Droits des partenaires en cas de décès : mariage, pacs et concubinage

En tant que partenaire survivant, il est essentiel de comprendre vos droits en cas de décès de votre époux, partenaire de pacs ou compagnon. Les implications juridiques et fiscales varient selon votre statut matrimonial. Quelles sont les protections en matière de succession, de fiscalité et de logement? Cet article fait le point sur vos droits selon votre situation.

EN BREF

  • Les droits en matière de succession varient selon le mariage, le pacs ou le concubinage.
  • Le conjoint marié bénéficie de l’exonération des droits de succession, contrairement aux concubins.
  • Des aides financières et des droits au logement sont disponibles pour les conjoints survivants.

Succession et droits d’héritage

Si vous êtes mariée, peu importe votre régime matrimonial, vous héritez de votre époux sans payer de droits de succession. En cas d’enfants communs, vous pouvez choisir entre un quart de la succession en pleine propriété ou la totalité en usufruit. Si le défunt avait un enfant d’une précédente union, seule la première option est possible.

Sans enfants, vous recevez la totalité de la succession si les parents du défunt sont décédés. Si un parent est encore en vie, vous héritez de trois quarts de la succession. Avec deux parents vivants, votre part sera réduite à la moitié.

Situation des partenaires pacsés et concubins

Pour ceux qui sont pacsés ou en concubinage, la situation est moins favorable. Vous n’héritez d’aucun bien, sauf si un testament a été rédigé en votre faveur. La fiscalité diffère également : le partenaire pacsé est exonéré de droits de succession, tandis que le concubin devra acquitter 60% de droits, après un faible abattement.

Droits au logement

Le mariage ou le pacs vous accordent des protections en matière de logement. Après le décès, vous pouvez rester dans votre résidence principale pendant la première année sans frais. Ce droit est inaliénable, même face à un testament. Si le logement est loué, le bail est transféré automatiquement à votre nom, et les loyers que vous avez payés seront remboursés par la succession.

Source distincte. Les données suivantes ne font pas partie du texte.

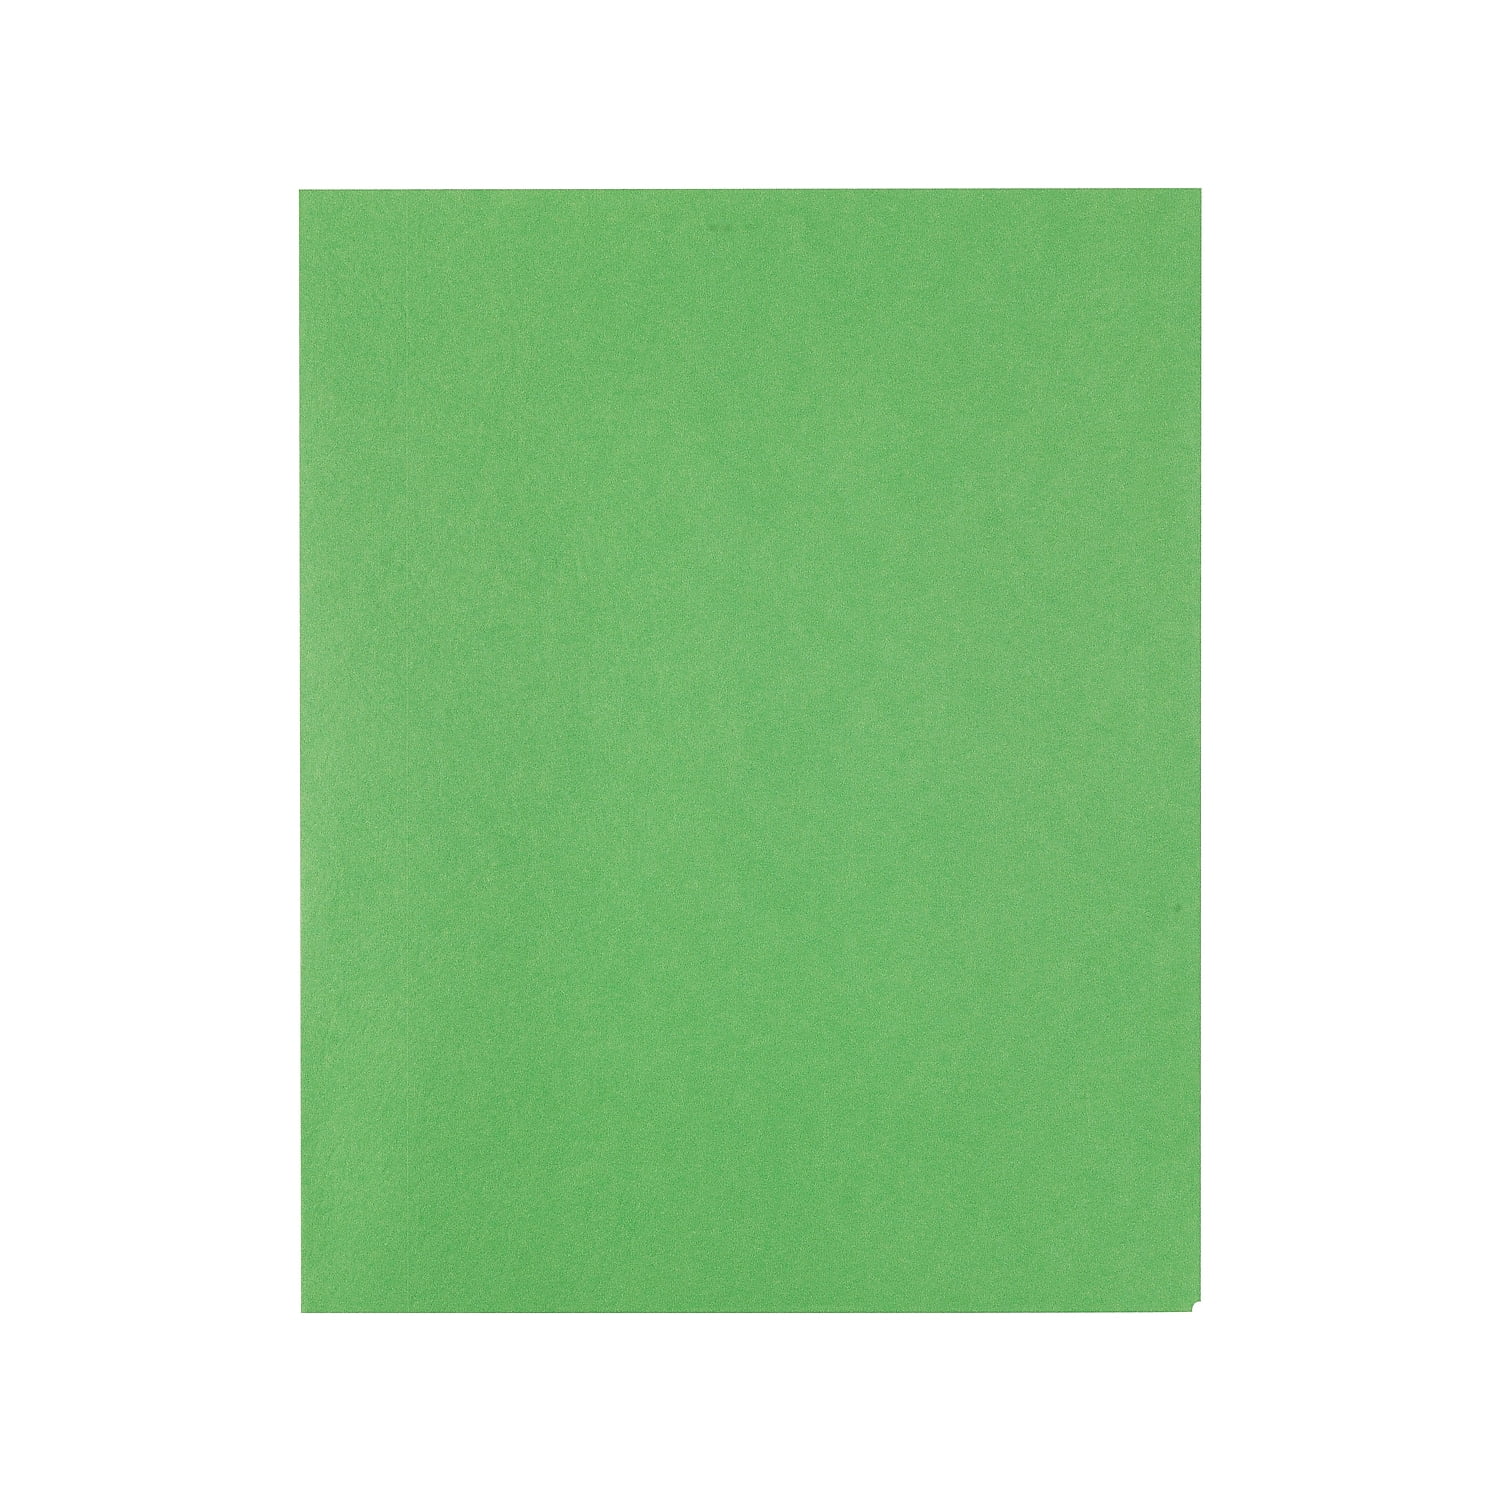 Staples School Grade 2 Pocket Folder Green 25/Box (50753/27533-CC)

En revanche, en cas de concubinage, il n’existe aucun droit de maintien si vous n’êtes pas cosignataire du bail. Si vous êtes propriétaire, vous pouvez rester dans le logement sans indemniser les autres héritiers. En cas de usufruit, attention, car cela peut compliquer votre situation.

Allocations et pensions

Seules les personnes mariées peuvent percevoir des pensions de réversion, qui représente une part de la retraite du conjoint décédé, même s’il n’était pas encore retraité. Le concubin ou le partenaire pacsé n’a pas droit à cette pension. La réversion doit être demandée et n’est pas attribuée automatiquement.

Pour les régimes de base, la réversion est versée à partir de 55 ans, sous conditions de ressources, tandis que pour les régimes complémentaires, elle est versée sans condition de ressources. Si vous avez moins de 55 ans, vous pouvez demander une allocation de veuvage, ainsi qu’un capital décès si votre conjoint était dans certaines situations professionnelles.

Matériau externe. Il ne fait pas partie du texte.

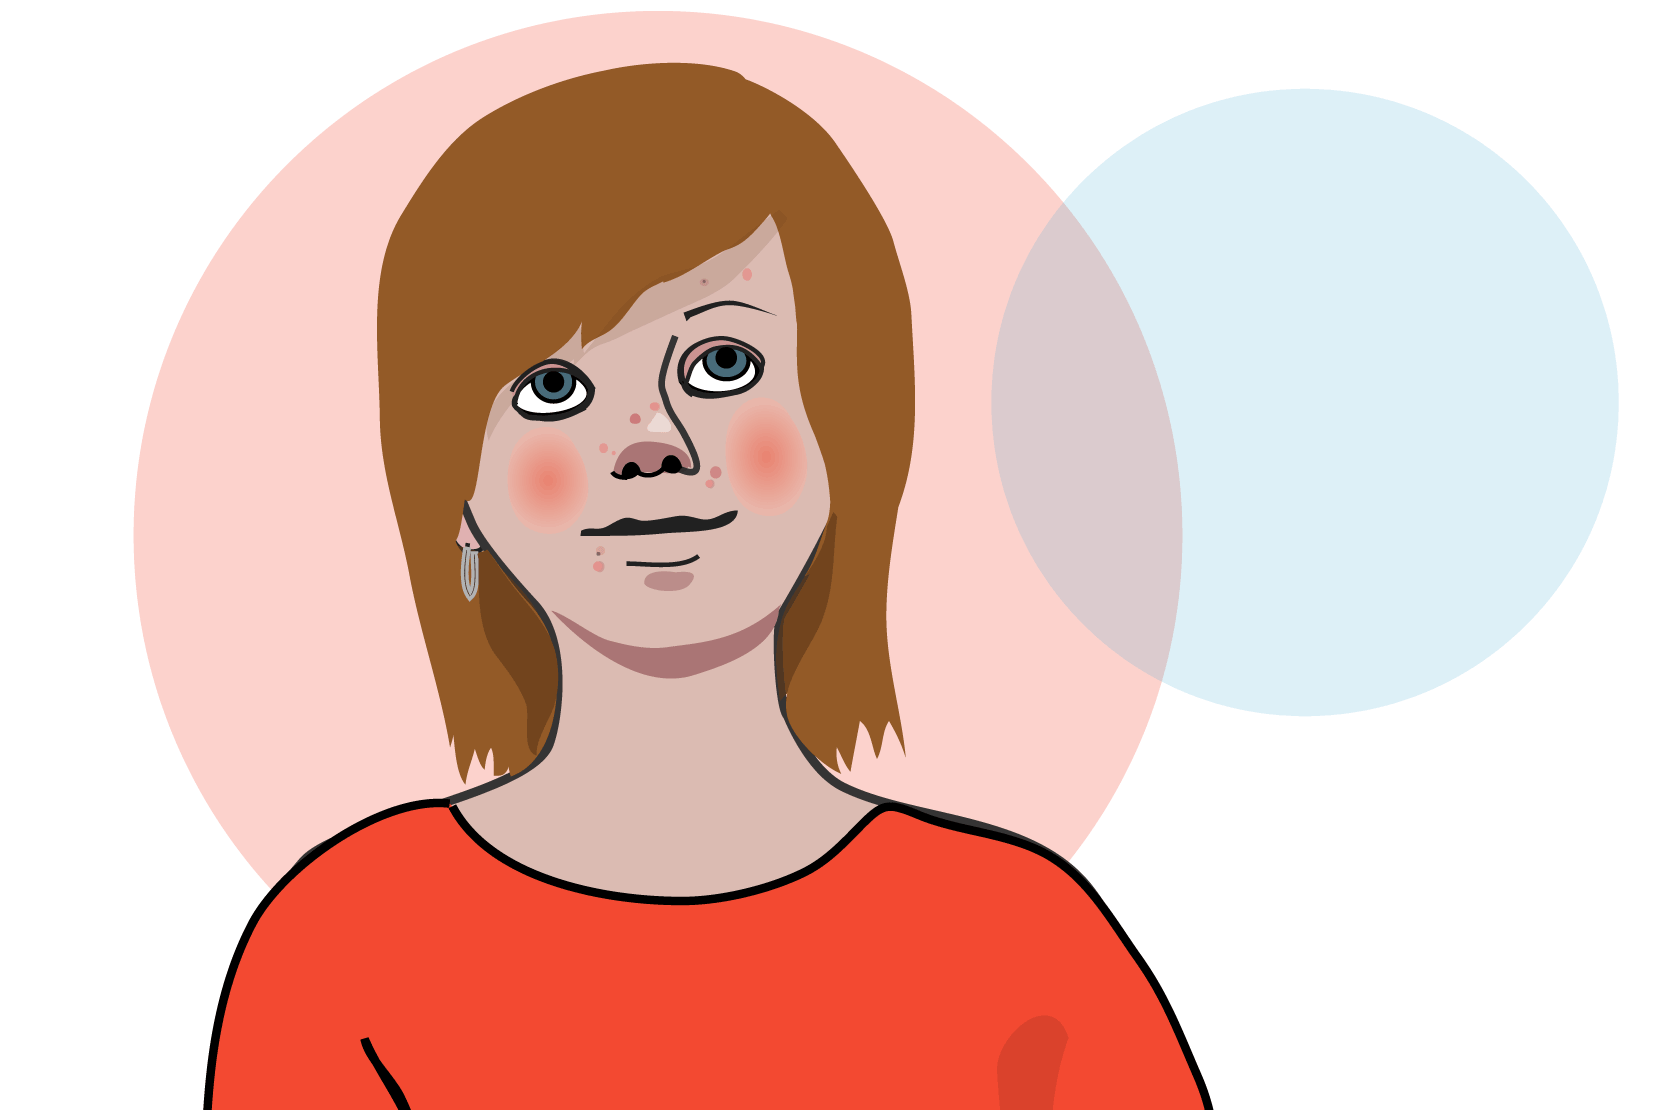 En person med röda kinder som ler lite och ser ut att tänka på något. Illustration.

Enfin, si vous avez des enfants à charge, vous pourrez demander l’allocation de soutien familial dès le mois suivant le décès.

Comprendre vos droits en tant que partenaire survivant est crucial pour naviguer dans cette période difficile. Que vous soyez marié, pacsé ou en concubinage, il est essentiel de vous informer sur vos droits pour protéger vos intérêts et ceux de votre famille.